Wednesday, March 14, 2018

Renaissance Flourish

Sometimes, I buy a stamp or stamp set for sentimental reasons. This always generates creative issues because stamps purchased for sentimental reasons often don't make me happy when I start to make cards with them.

I like the idea of the set, not working with the actual set.


Such is the case with Shakespearean Poetry from Hero Arts. I adore the idea of this set but have struggled mightily to make satisfyingly LateBlossom-y cards using it. When I saw this card by Rosemary Dennis in Take Ten, however, I decided to give the set another try.

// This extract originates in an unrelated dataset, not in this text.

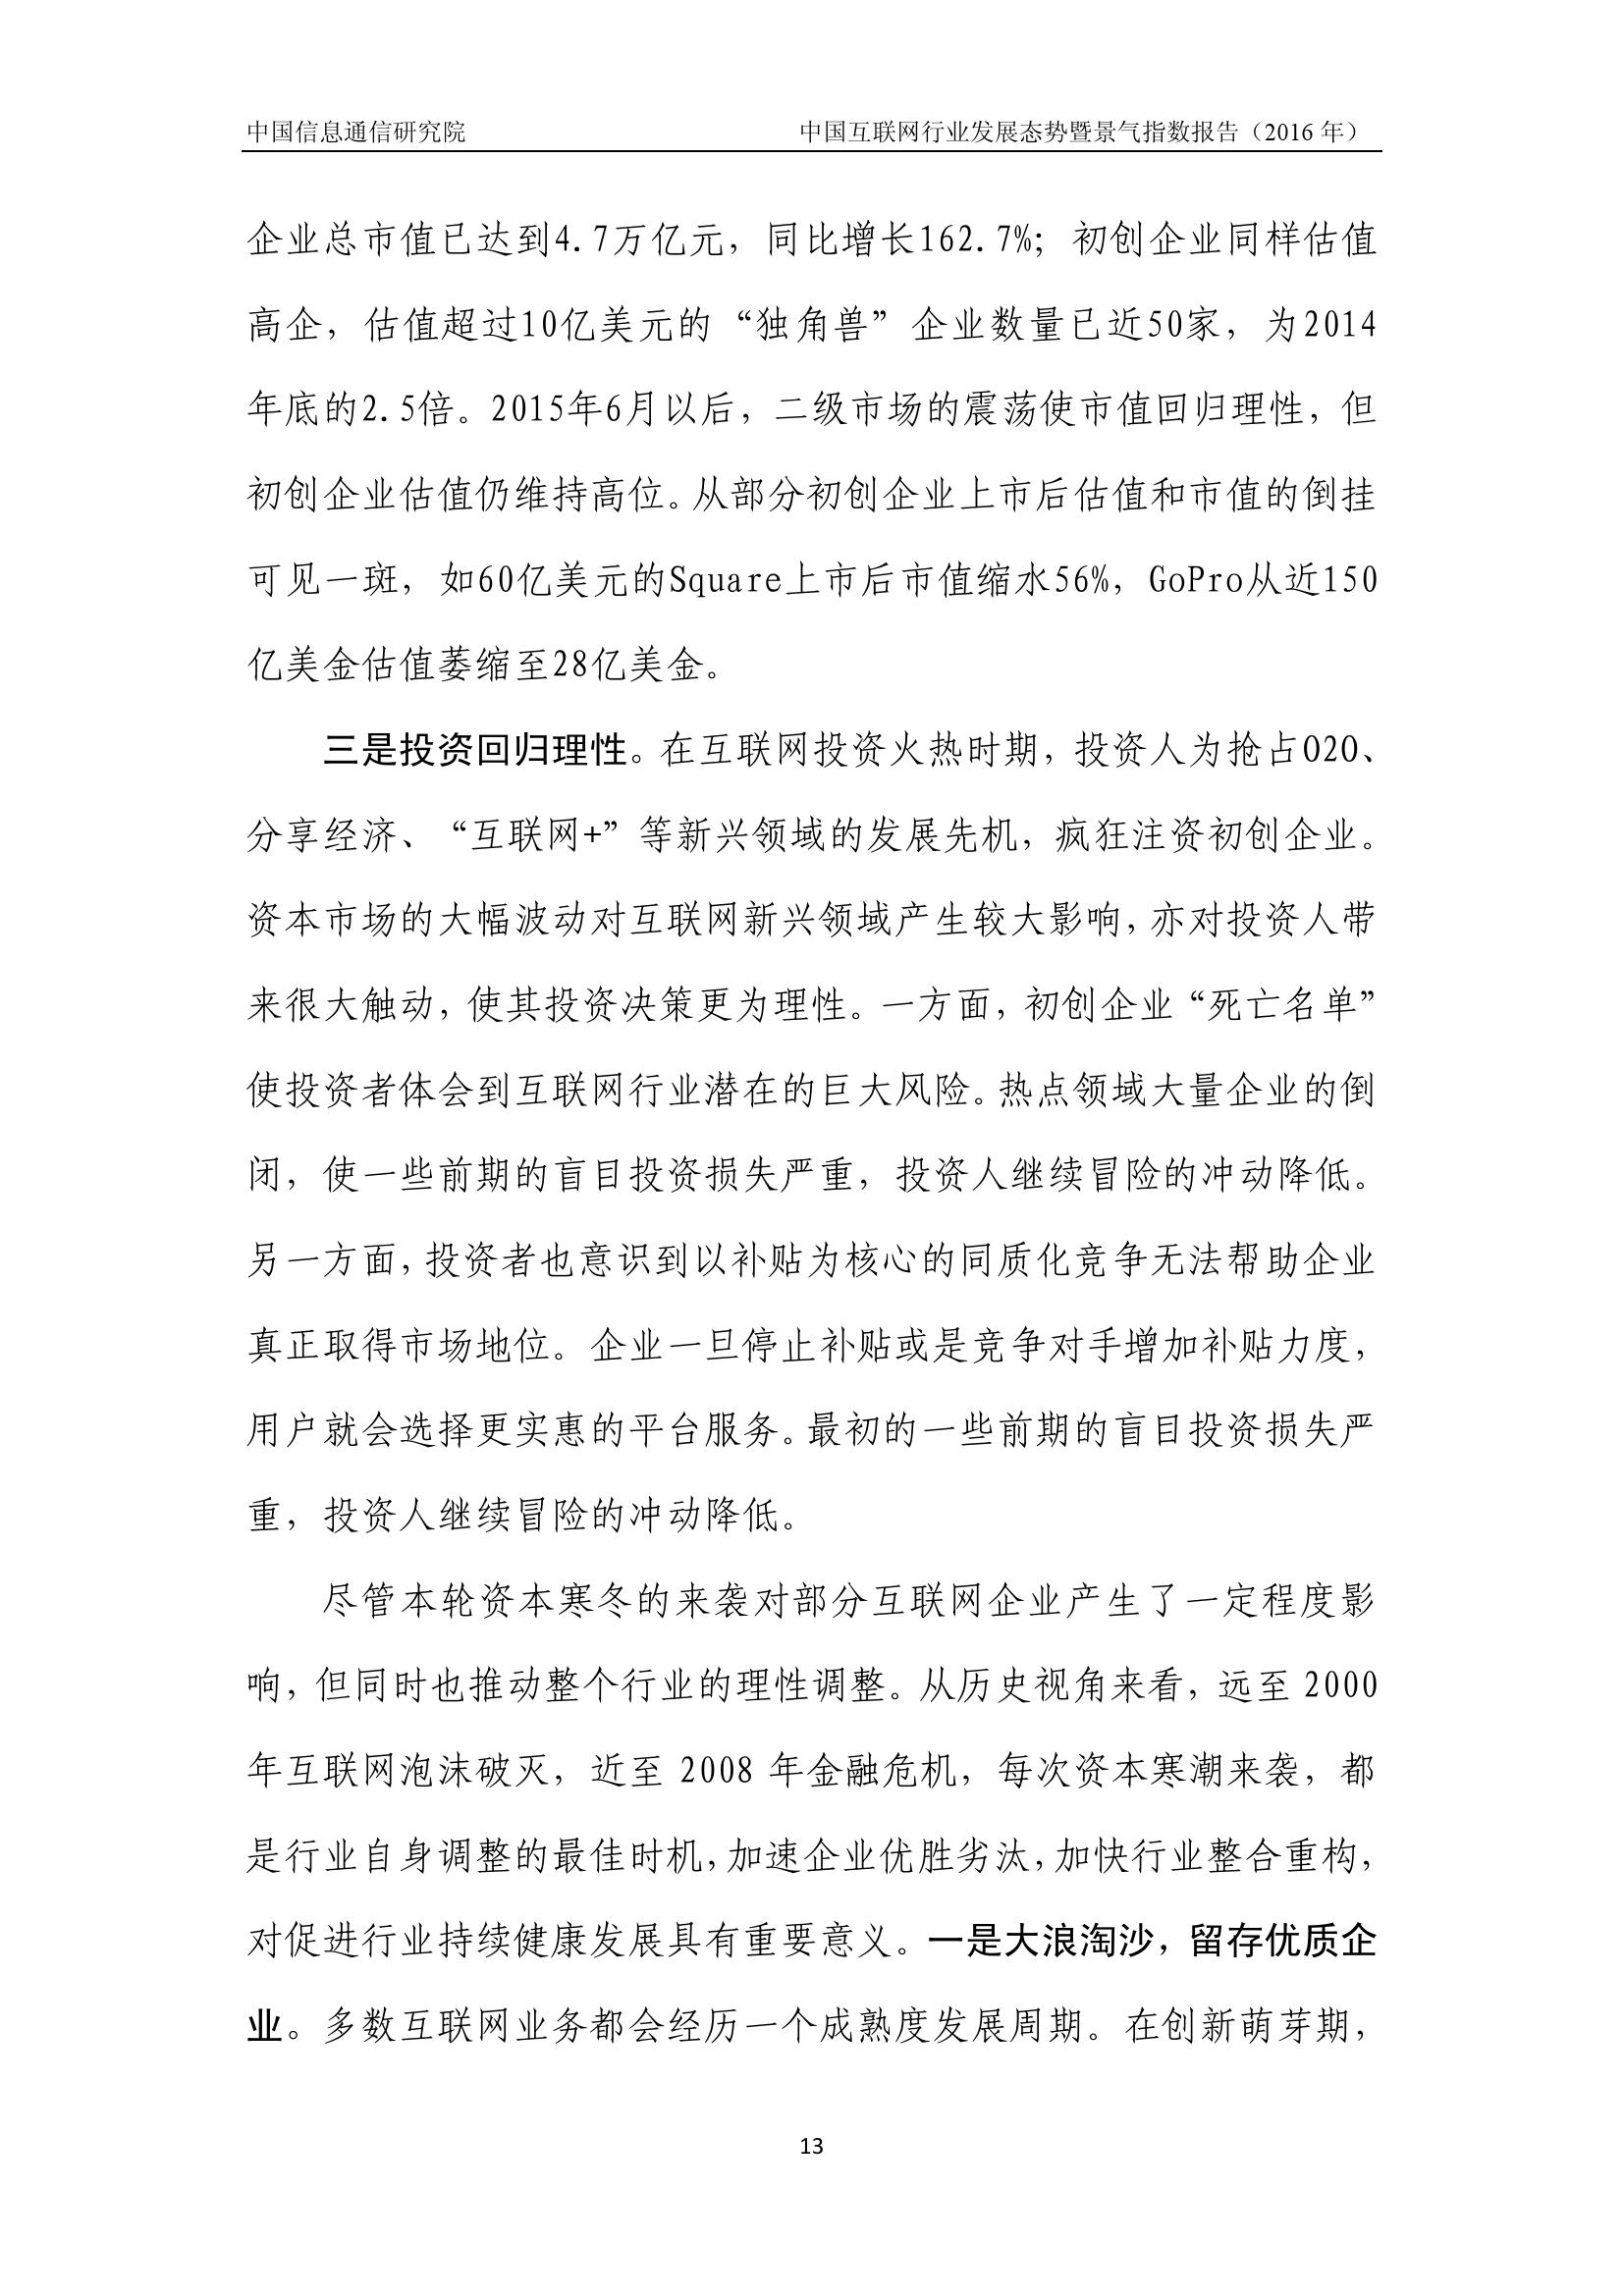 2016年中国互联网行业发展态势暨景气指数报告_000017

At first glance, this choice may seem out of left field. Rosemary's card has a lovely, natural, rustic feel combined with Papertrey's Dot Spot, which is so delightfully geometric. The tension between those two styles works perfectly in Rosemary's card, but why in the world would it make me think "Renaissance flourish"?

Well, that great layout is incredibly versatile and can be adapted to any number of styles. It focuses on a stamped background with a clean border demarcated by a ribbon. You could use all sorts of stamps for this...including the large flourish in Shakespearean Poetry, and here's the result.

How very satisfying! Note that I switched from portrait to landscape orientation for the card. Now, I don't care what your orientation is, truly, but sometimes stamps work better oriented one way and sometimes they work better oriented another way. That big flourish works better oriented horizontally, and we shan't judge it for that.

Rosemary works with squares and circles and dots and lots of asymmetry on her card, all to excellent effect. But my big stamp needed a bigger panel, which in turn required symmetrical matting. Tweaks like these are de rigueur in adapting layouts. Go with them. Flow. It's fun!

The aquamarine and charcoal inks, combined with satin ribbon and pearls, make an elegant statement, don't they? I love how the basic layout of Rosemary's card works equally well for both her rustic, dotty interpretation and my elegant Renaissance flourish.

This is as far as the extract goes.